Exercise details ::
Reproduce the full listing below exactly. Do not include the pictures.

-- Source data follows --

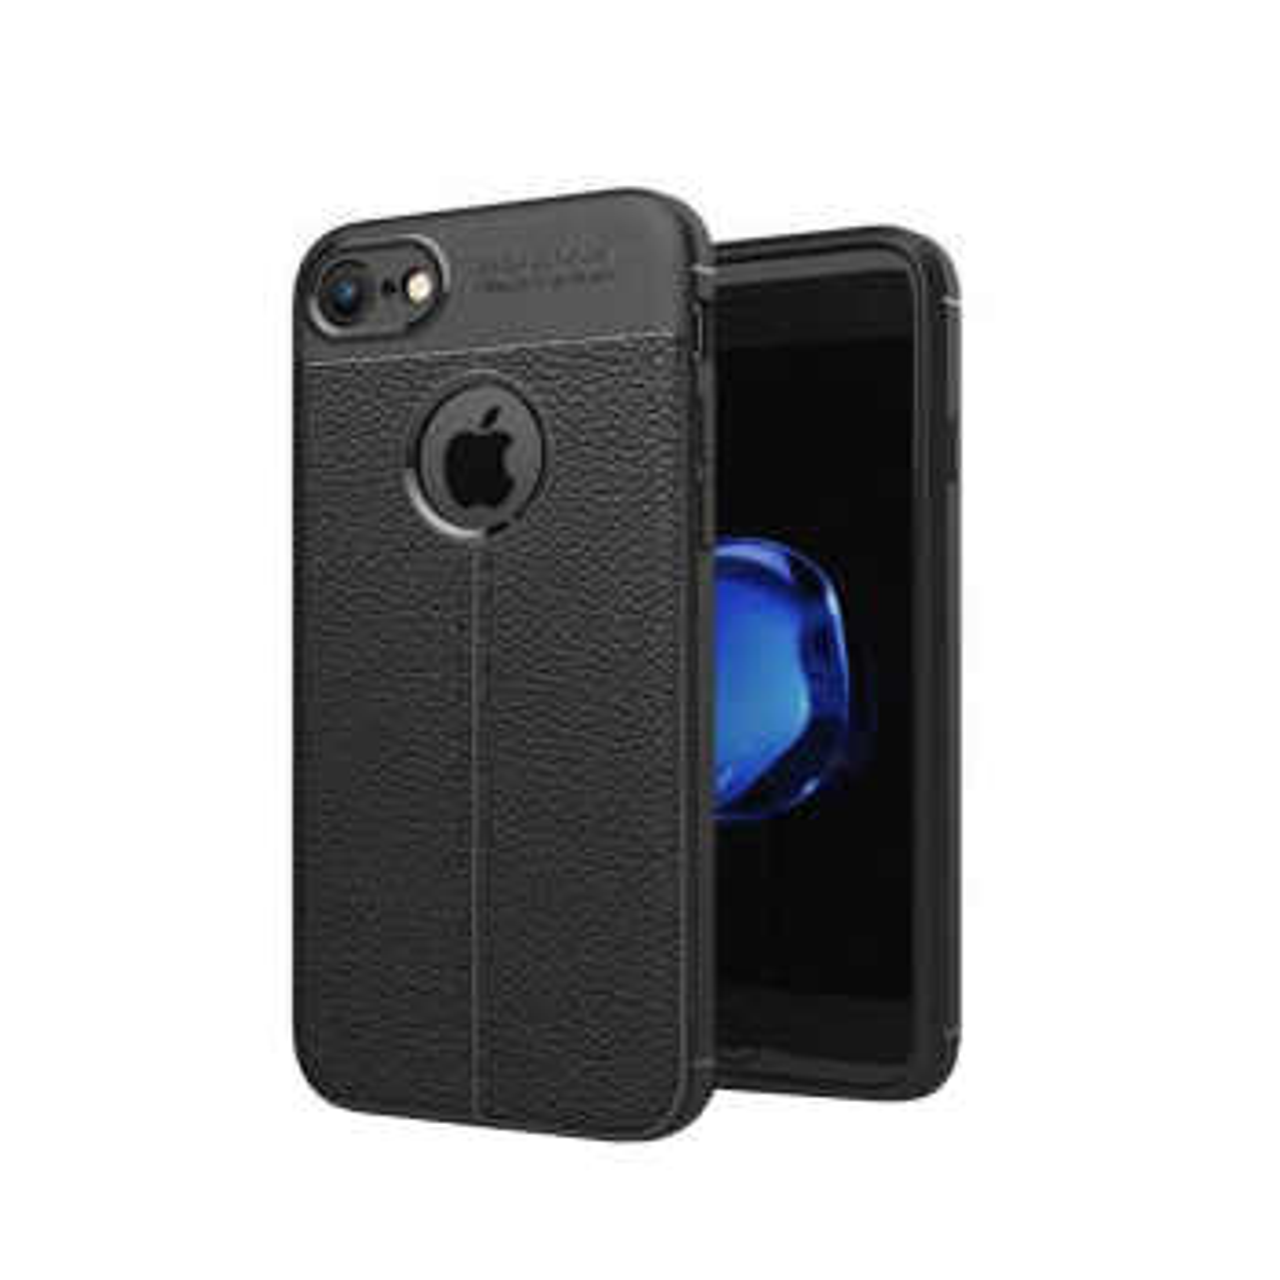 کاور ایبیزا مدل UE2501 مناسب برای گوشی موبایل اپل Iphone 7
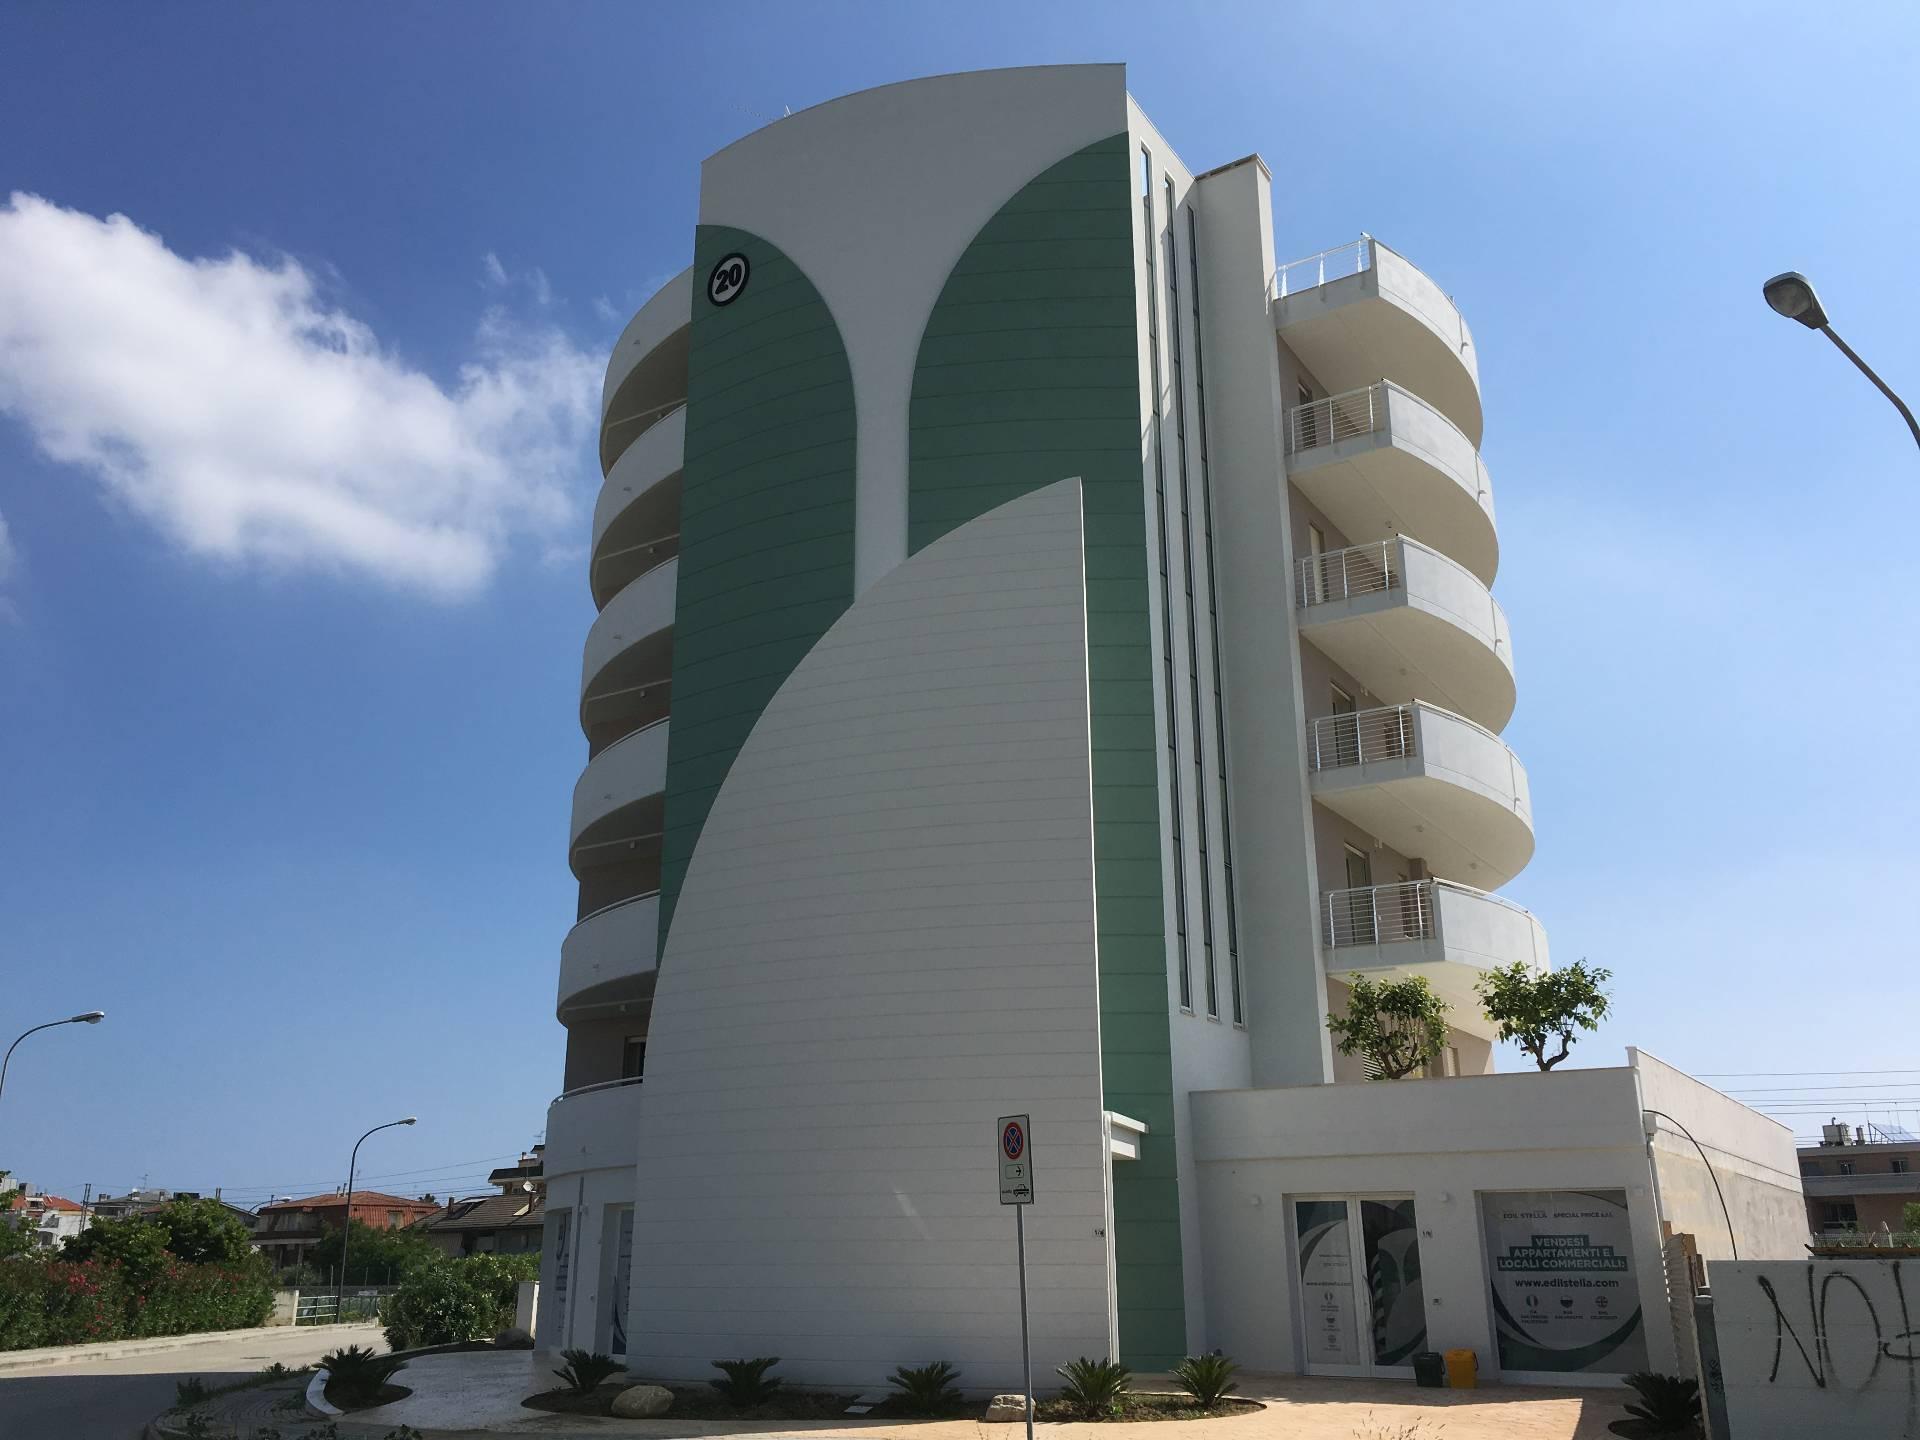 Appartamento in vendita a Grottammare, 3 locali, zona Località: zonaOrologio, Trattative riservate | CambioCasa.it
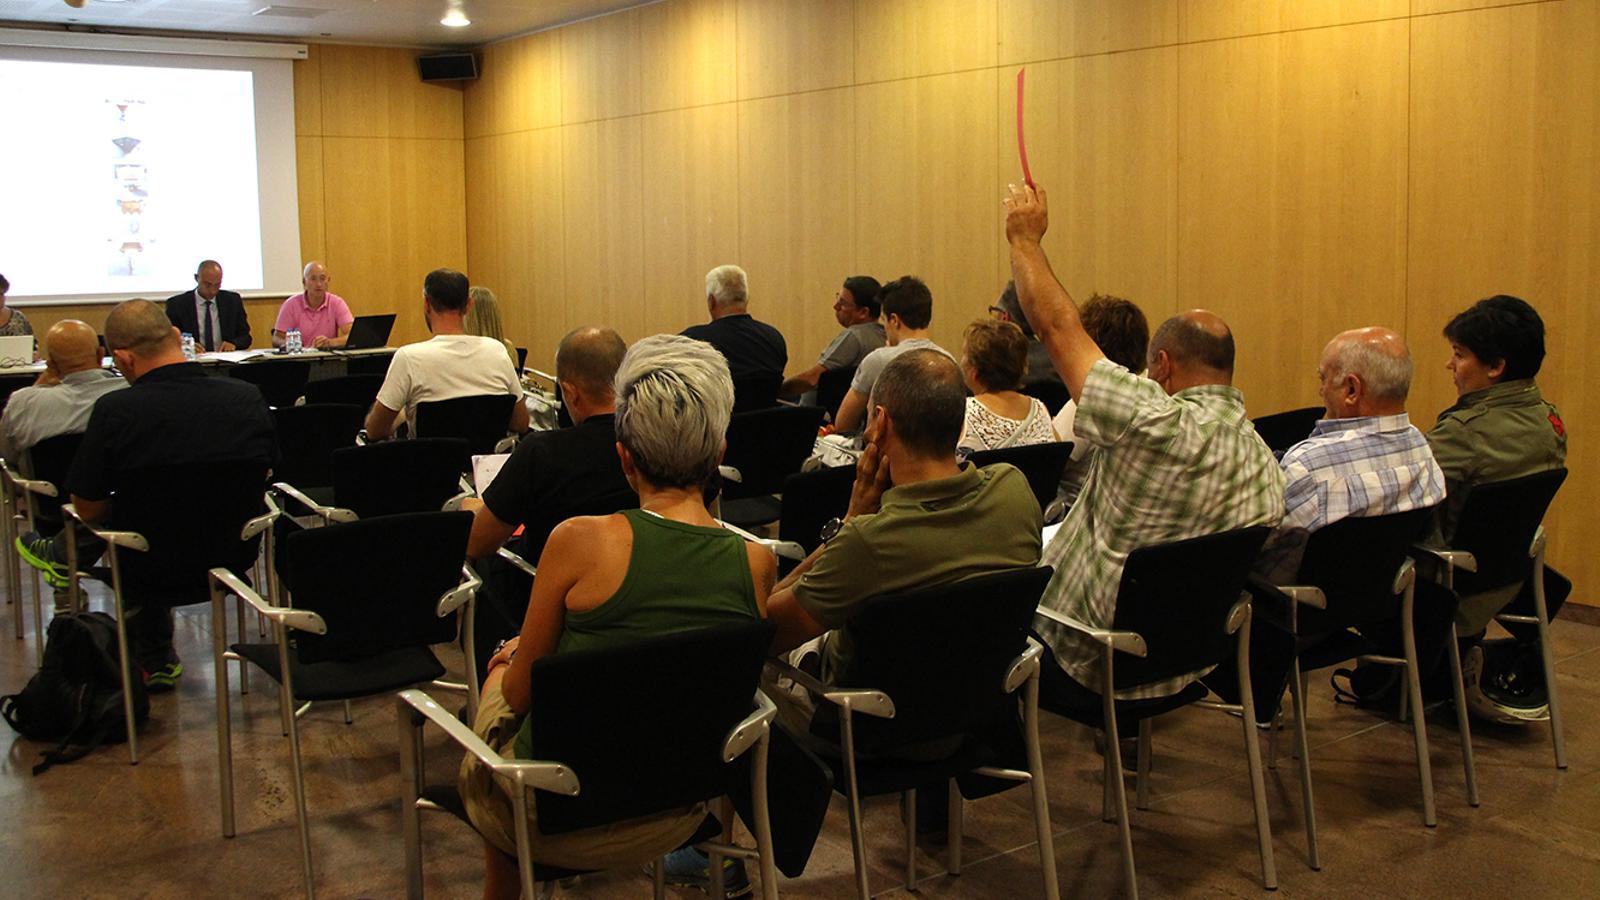 Un moment de la subhasta que s'ha fet al Centre de Congressos d'Andorra la Vella. / M. F. (ANA)

-- Source data concluded --

Final answer ::
 کاور ایبیزا مدل UE2501 مناسب برای گوشی موبایل اپل Iphone 7
 Appartamento in vendita a Grottammare, 3 locali, zona Località: zonaOrologio, Trattative riservate | CambioCasa.it
 Un moment de la subhasta que s'ha fet al Centre de Congressos d'Andorra la Vella. / M. F. (ANA)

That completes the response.